(Information supplied Opens)
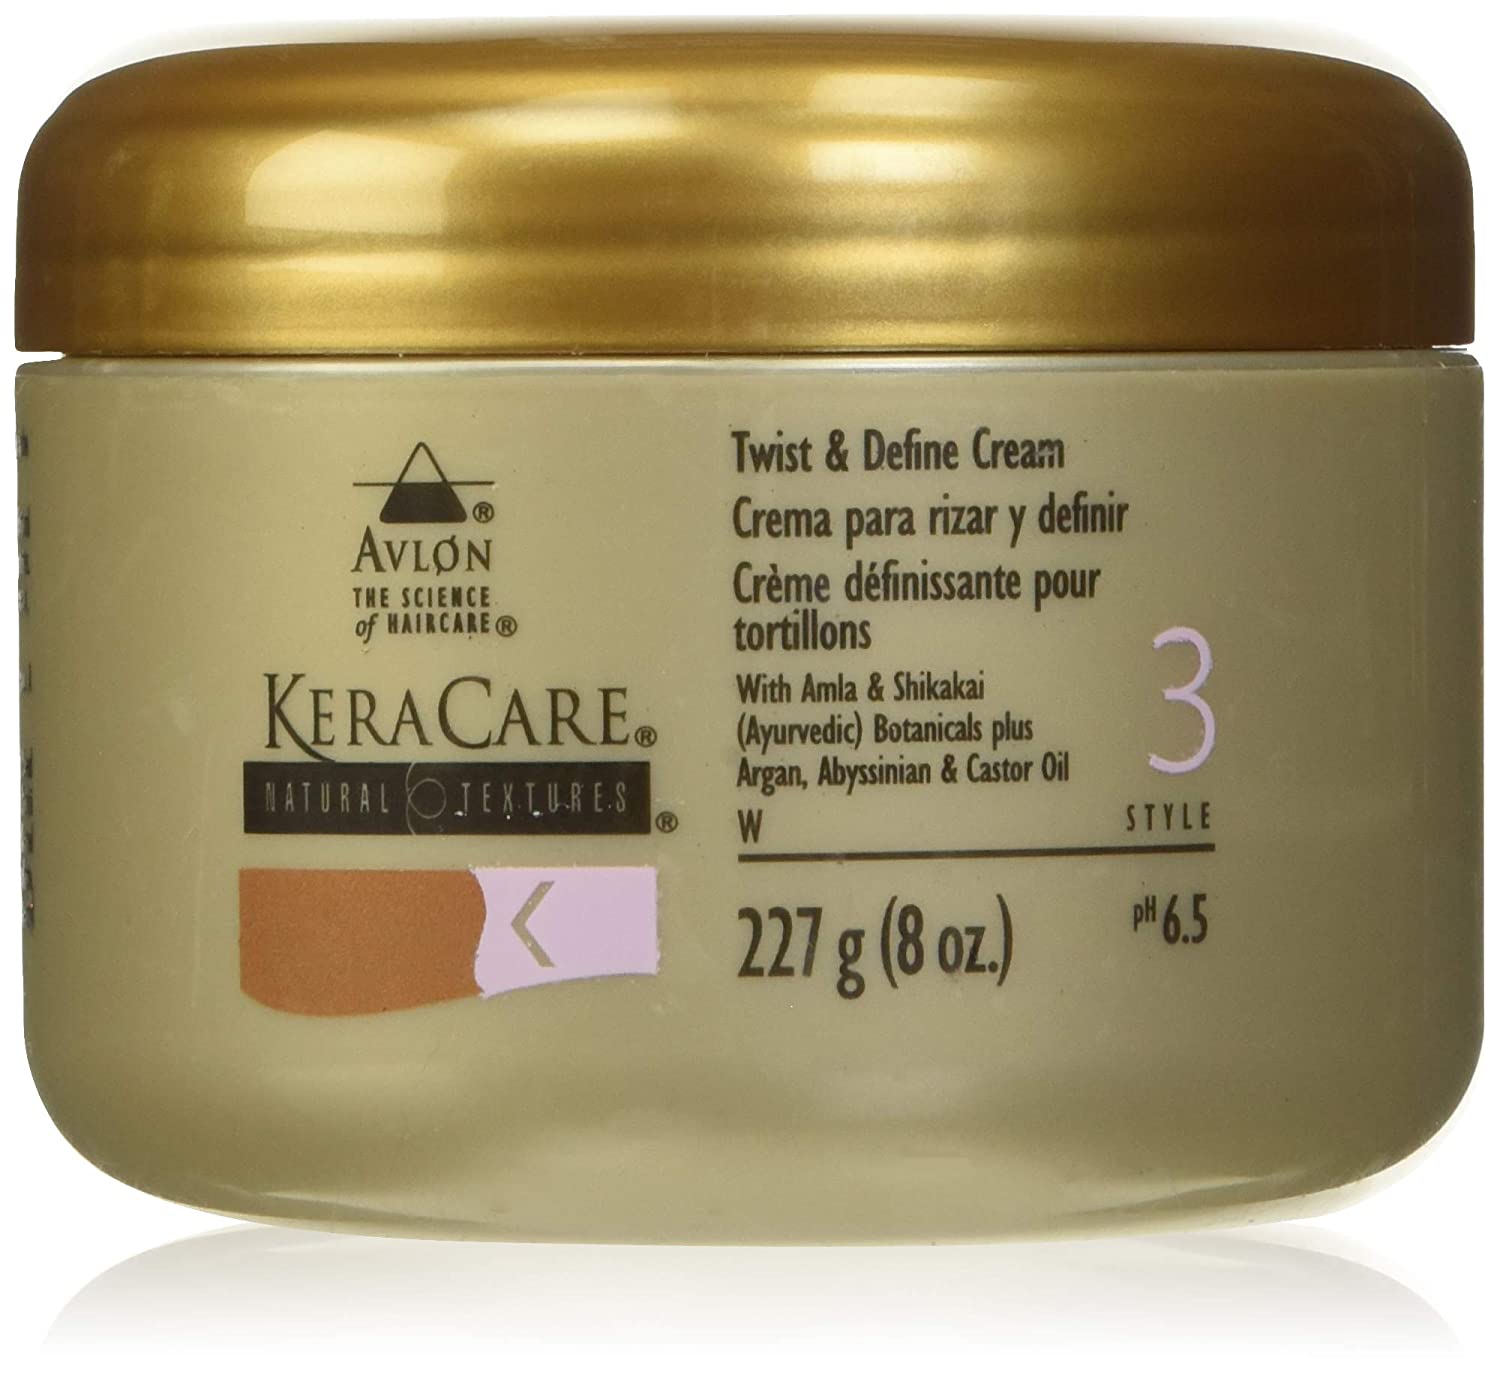 KeraCare Natural Textures Twist & Define Cream
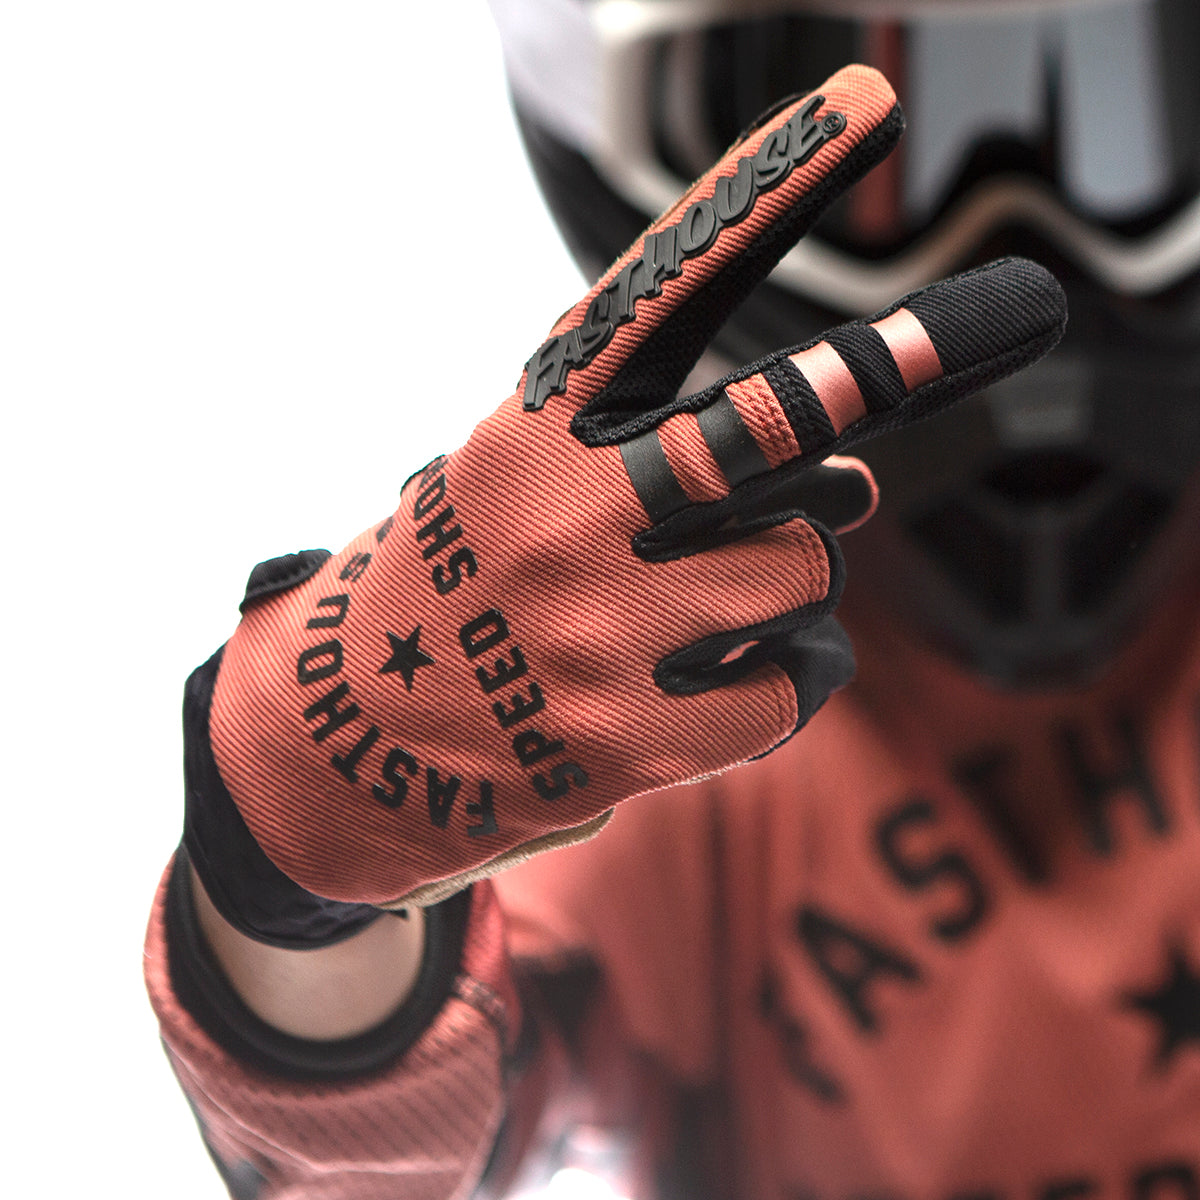 Speed Style Originals Glove - Mauve
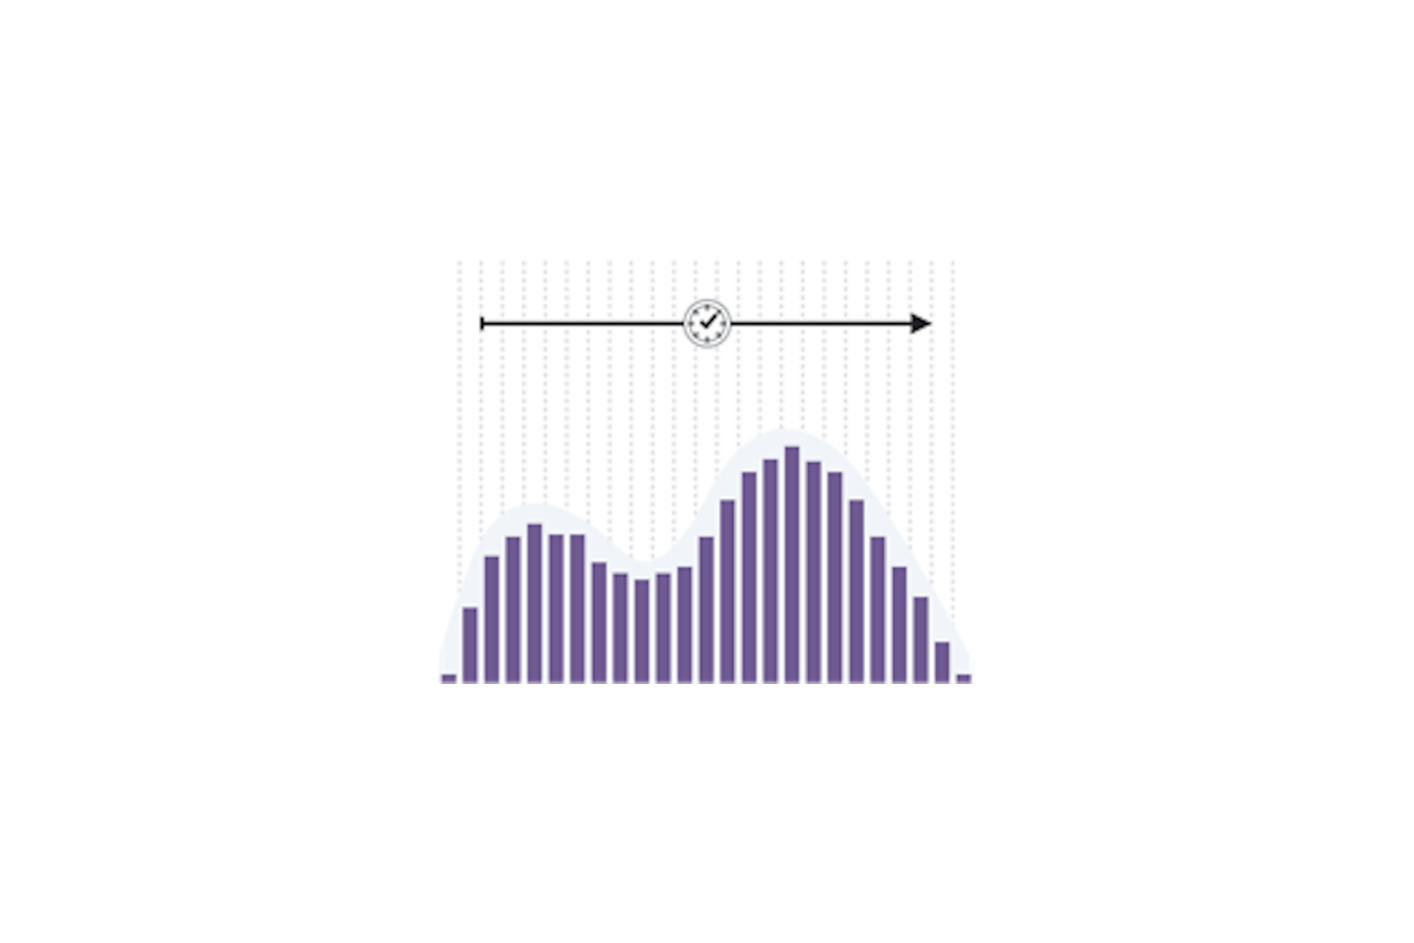 A graph of High-Resolution Audio at 24 bit/96 kHz
(Information supplied Closes)
Copy the whole listing above word for word but do not carry over the pictures.

-- Exercise answer --
 KeraCare Natural Textures Twist & Define Cream
 Speed Style Originals Glove - Mauve
 A graph of High-Resolution Audio at 24 bit/96 kHz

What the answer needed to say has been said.